How business appropriated the pastoral landscape, as seen in the
corporate campus, the corporate estate, and the office park.
By the end of the twentieth century, America's suburbs contained more
office space than its central cities. Many of these corporate workplaces
were surrounded, somewhat incongruously, by verdant vistas of broad
lawns and leafy trees. In Pastoral Capitalism, Louise Mozingo describes
the evolution of these central (but often ignored) features of postwar
urbanism in the context of the modern capitalist enterprise.
These new suburban corporate landscapes emerged from a historical moment
when corporations reconceived their management structures, the city
decentralized and dispersed into low-density, auto-dependent
peripheries, and the pastoral--in the form of leafy residential
suburbs--triumphed as an American ideal. Greenness, writes Mozingo, was
associated with goodness, and pastoral capitalism appropriated the
suburb's aesthetics and moral code. Like the lawn-proud suburban
homeowner, corporations understood a pastoral landscape's capacity to
communicate identity, status, and right-mindedness.
Mozingo distinguishes among three forms of corporate landscapes--the
corporate campus, the corporate estate, and the office park--and
examines suburban corporate landscapes built and inhabited by such
companies as Bell Labs, General Motors, Deere & Company, and Microsoft.

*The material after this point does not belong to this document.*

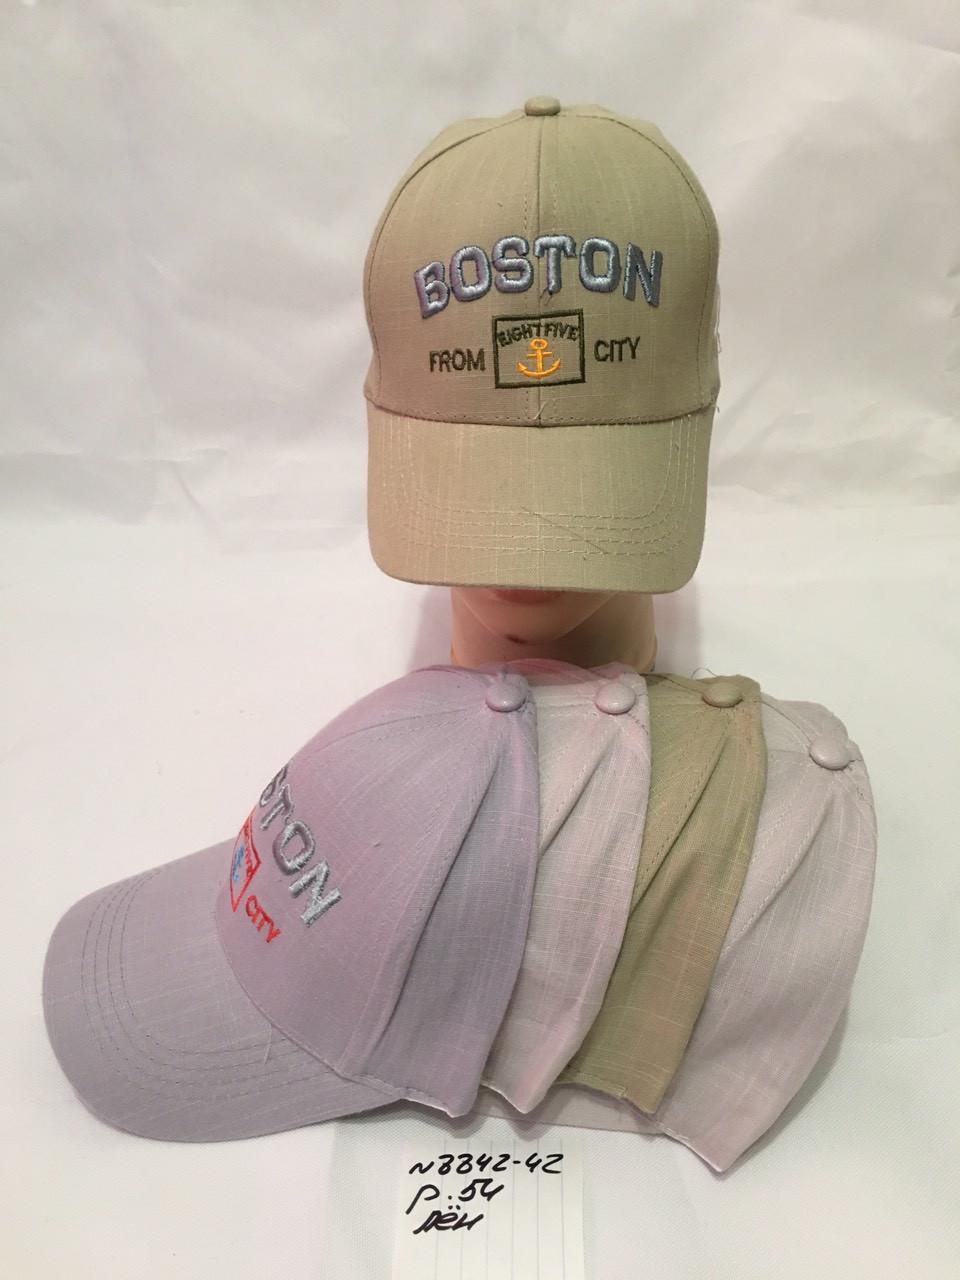 Подростковая однотонная кепка  для мальчика Boston р.54 лен

She also considers the globalization of pastoral capitalism in Europe
and the developing world including Singapore, India, and China. Mozingo
argues that, even as it is proliferating, pastoral capitalism needs
redesign, as do many of our metropolitan forms, for pressing social,
cultural, political, and environmental reasons. Future transformations
are impossible, however, unless we understand the past. Pastoral
Capitalism offers an indispensible chapter in urban history, examining
not only the design of corporate landscapes but also the economic,
social, and cultural models that determined their form.